Edit: following run failed after 3 min - https://github.com/filecoin-project/lotus/actions/runs/10055630487/job/27792728538?pr=12234

laurentsenta · 2024-07-23T08:08:45Z

Please read my comment above on why I suspect the issue is related to the test itself,

A proposal to move this forward:

I'll add the "create github issue on schedule job failure" feature requested by @BigLep, (edit: Done)
We merge this PR and let the lotus team investigate, thanks to the need/very-expensive-tests label, this will be easier as its own PR managed by the team
If you identify an issue with the runners we can fix that later on.

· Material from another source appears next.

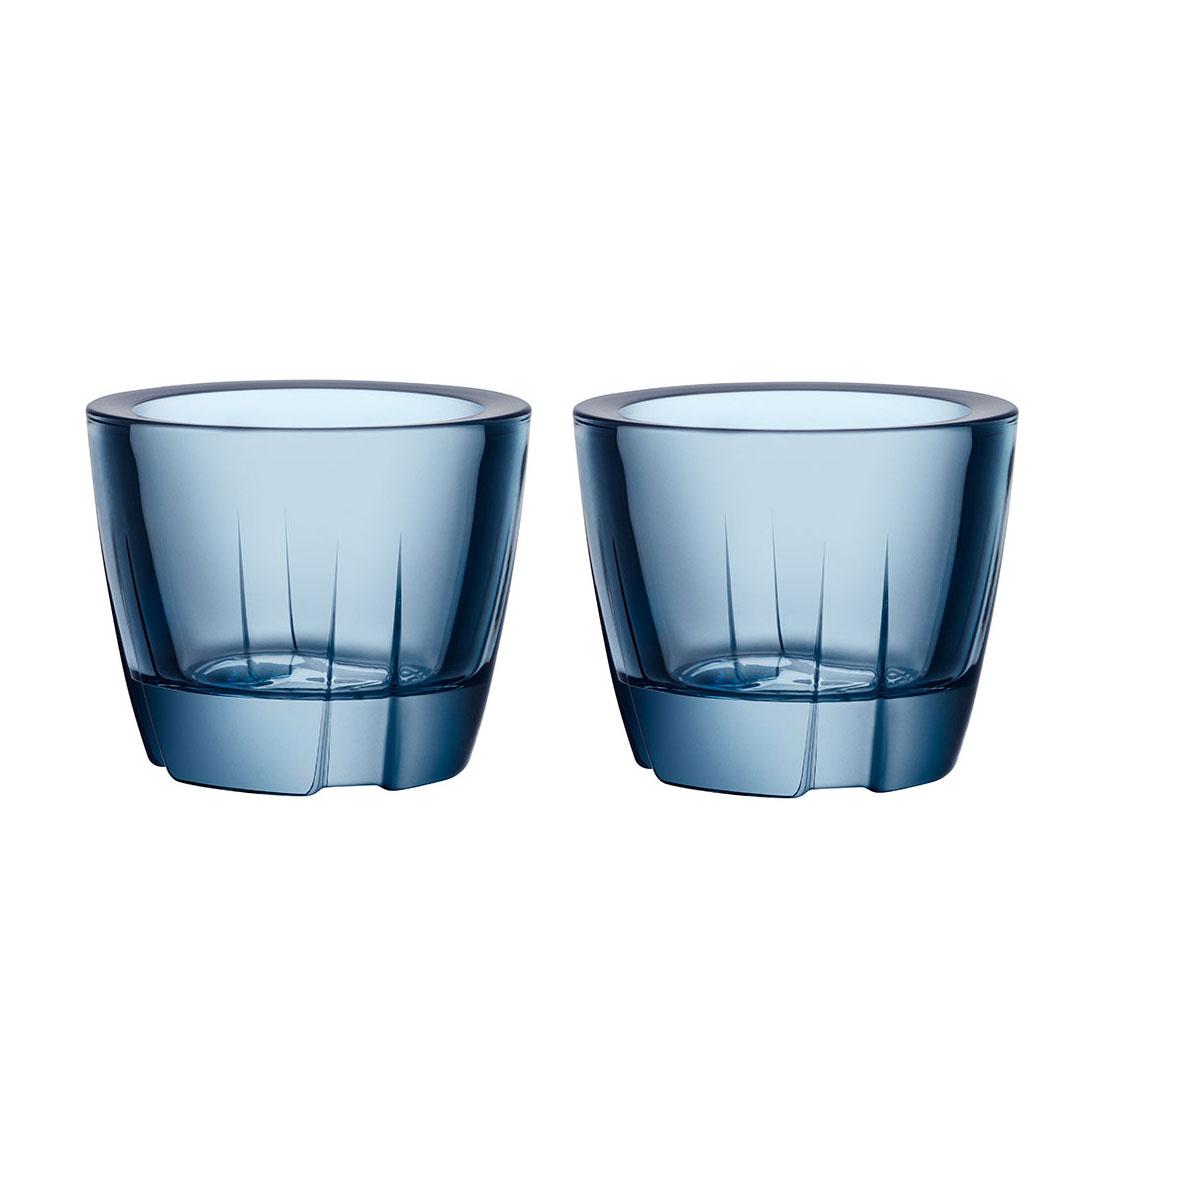 Kosta Boda Bruk Crystal Votive Water Blue Anything Crystal Bowl, Pair

Co-authored-by: Steve Loeppky <[email protected]>

BigLep

Thanks. Your proposal to move this forward makes sense to me:

.github/workflows/test.yml

rvagg · 2024-07-24T03:46:40Z

How much variability should we expect on the selection of these machines, and do we have a dedicated c5.4xlarge for the specific test?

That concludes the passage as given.